If today's decision leads to profit-taking between Greenback buyers and holders, it could trigger a corrective setback for GBP/AUD.

AUD and the China factor

The post-lockdown ‘China reopening’ rally for AsiaPac currencies looks to have had a smaller impact on the Australian Dollar than expected, but currency strategists at Bank of America still believe the Aussie could benefit from external factors.

A report from the US bank's Asia Forex Strategy unit says the ‘upside risk to Chinese trade growth hasn't been accurately priced.’ The assessment comes as the Australian fiat extends a losing streak against the Greenback, Euro, and Pound while the rebound analysts have been waiting for in the world's second-largest economy had so far underwhelmed.

China's National Bureau of Statistics reported in March that the country';s industrial profits were down almost 23 per cent year-on-year for January and February 2023.

But BoA's research also suggests China's economy will gain momentum in the coming months, despite the soft start to the year.

It's a fact that AUD has underperformed when compared to other assets that tend to sway with the ups and downs of China's economy. With the end of Beijing's zero-covid policy, growth is now expected to accelerate.

BoA's analysts say there have been indications that ‘green shoots are starting to appear,’ particularly in China's property sector. Increasing international travel bookings from China also bode well for Australia's trade outlook.

The Australian Dollar has been running in the sand for much of the first quarter, falling back 4.59 per cent against the US Dollar in April 2023 and by 2.33 per cent against the pound. Against the Euro, the Aussie fell by 2.14 per cent.

AUD's lower trend began at roughly point where the buzz around China's ‘great reopening’ started to fade, BoA says.

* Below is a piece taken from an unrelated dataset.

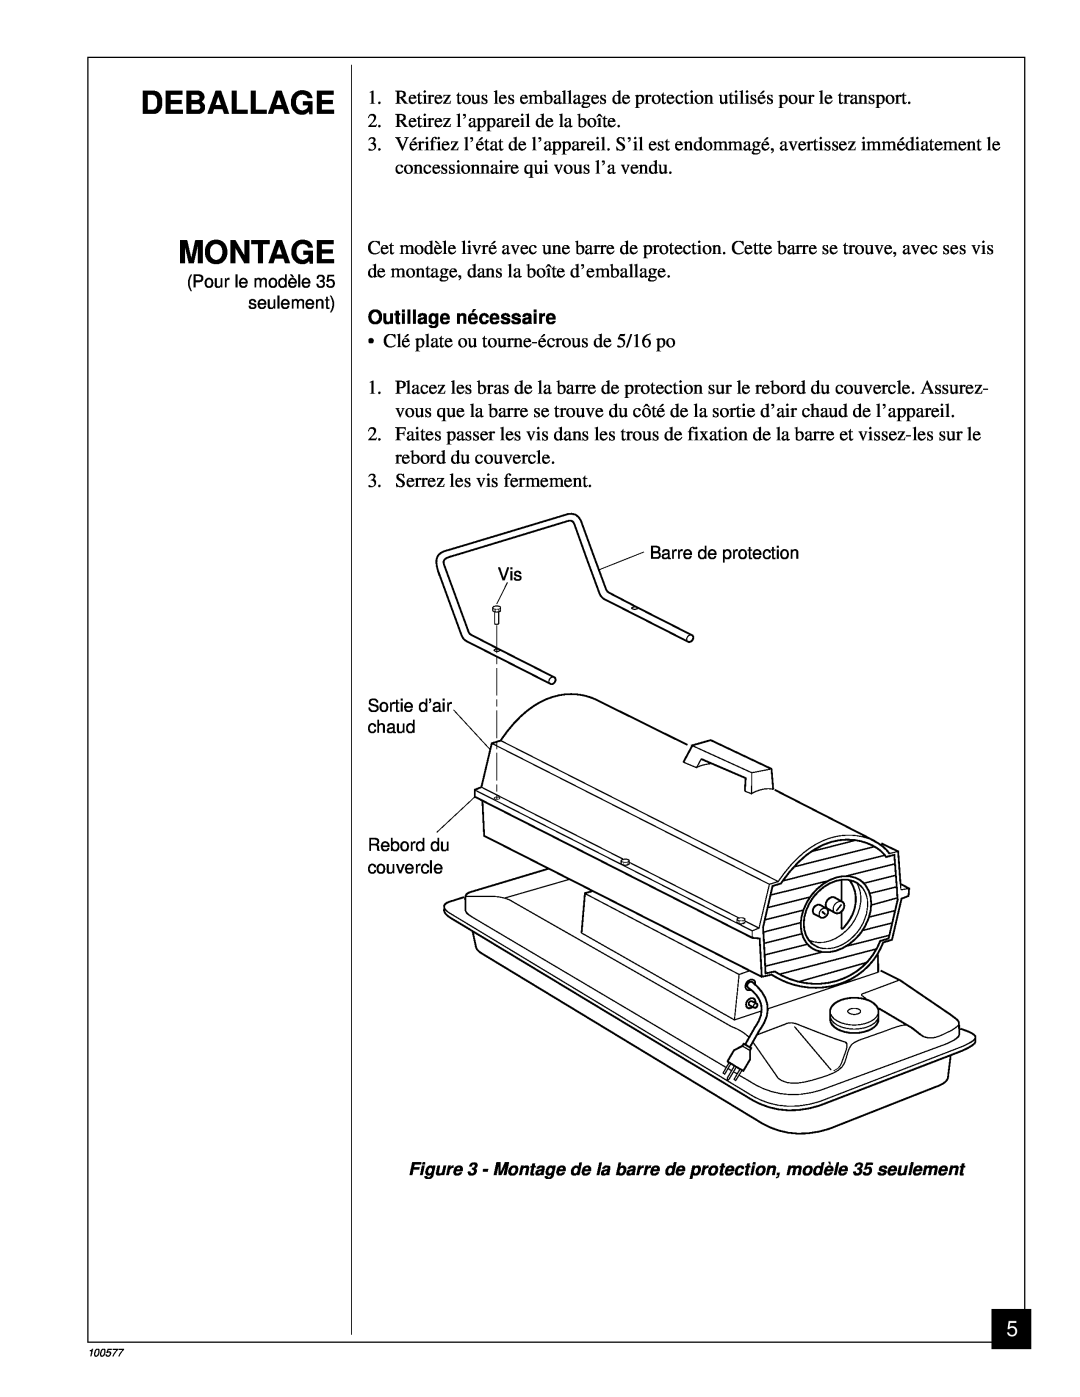 Homelite HHC100A, HHC35A, HHC150A owner manual Deballage Montage, Outillage né cessaire

In January 2023, investors were betting on a rapid reopening in the world's second-largest economy and gains in the Australian Dollar and other China-focused assets. The return of big-spending Chinese tourists and international students was also tipped to give Down Under an additional growth fillip.

Testing downside support

In early March, AUD was holding firm as the best-performing G10 major for the year-to-date, despite gains by many of its peer currencies.

At the time, forex traders were looking for the Reserve Bank of Australia to post its ninth increase to the cash rate since April 2022, with an uptick to the benchmark of 25 basis points, or 3.35 per cent before another rate hike potentially arrives in March.

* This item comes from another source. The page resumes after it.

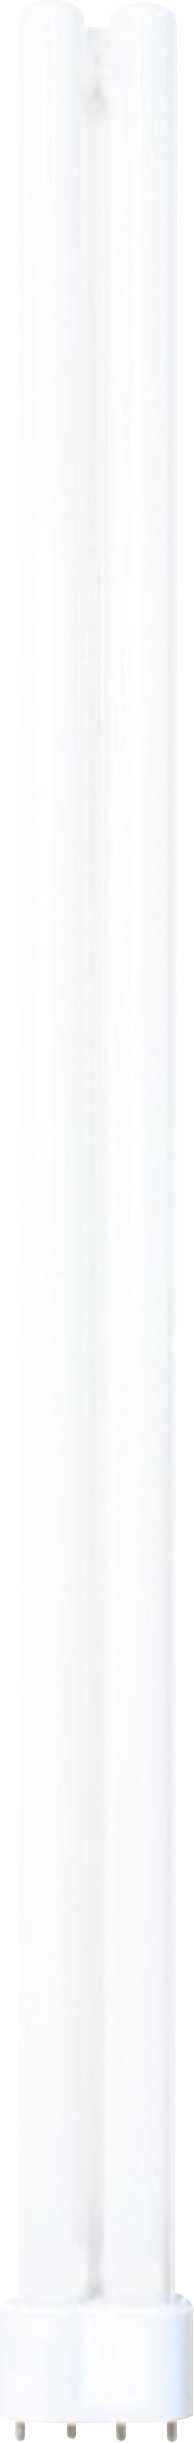 230V 55W 4PIN PL Lamp Cool White 4000K - PL55W4P

The consensus forecast said the central bank would raise the rate again next month, with some prospect of another 25-basis point rise, bringing the cash rate to 3.6 per cent in April, if it happens.

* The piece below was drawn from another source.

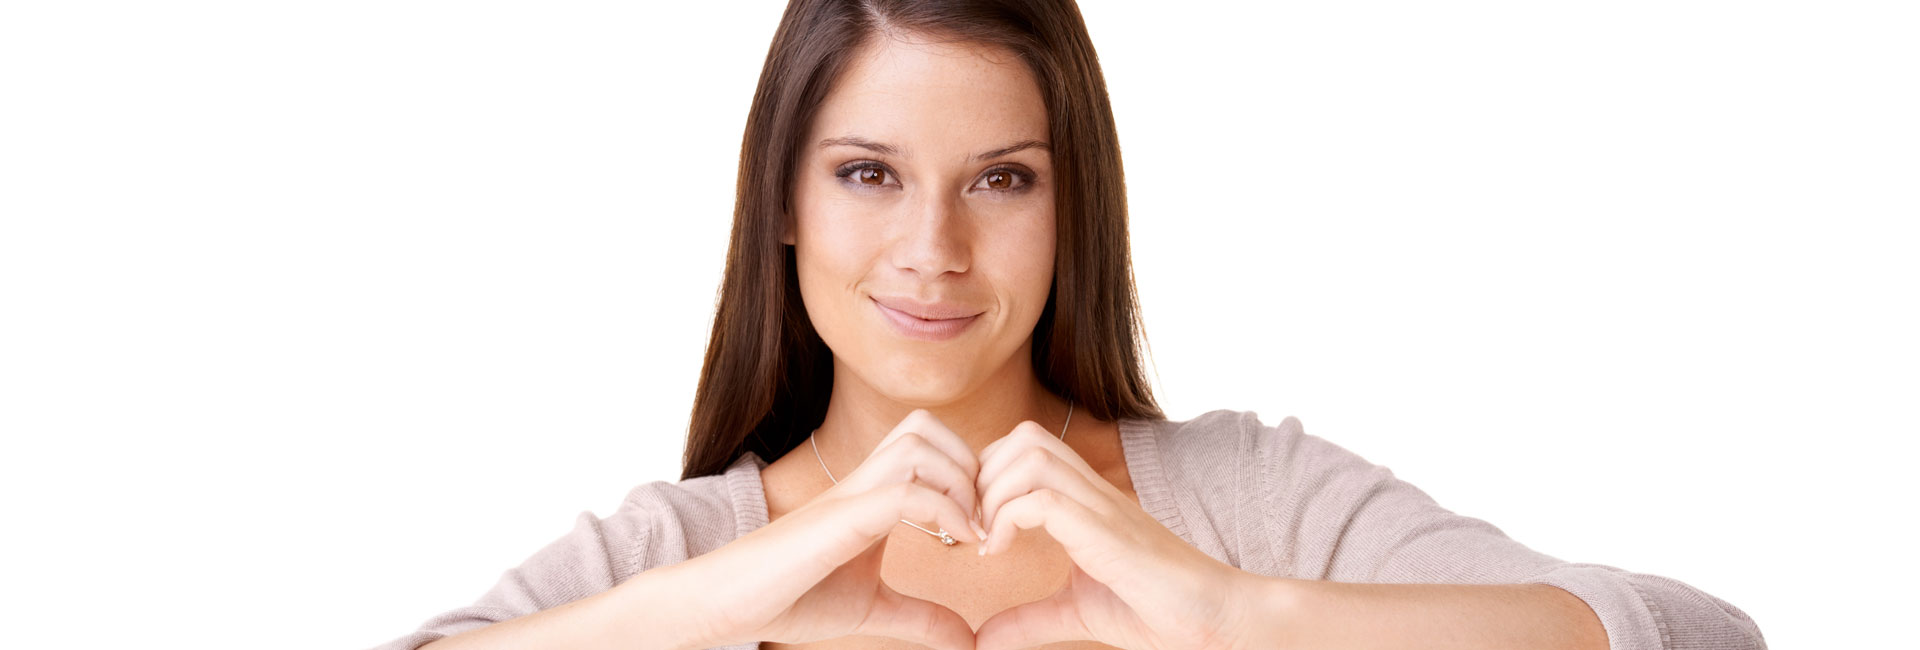 woman showing hearts symbol

‘The indicators we've seen in Australian domestic economic data over the past 30 days or so have been up and down. Labour figures for December 2022 disappointed as employment fell, surprising most analysts,’ said an analyst note from the Commonwealth Bank of Australia.

‘A surprisingly strong print for fourth-quarter CPI inflation, paired with a plunge in December retail sales suggests the current cost-of-living crisis in Australia is deeply embedded.’

In late March 2022 the Aussie was up against the Euro, Dollar, and British Pound as forex traders reacted to signals that an interest rate by the Reserve Bank of Australia may be in the offing.

Minutes from the RBA's February policy meeting suggested interest rates could rise as quickly as April far earlier than the central bank had been signaling since the start of the year.

In fact, it was just in February 2022 that RBA Governor Phil Lowe told The South China Morning Post that the bank was ‘being patient’ on interest rates ‘in a way that markets with much higher rates of inflation simply can't.’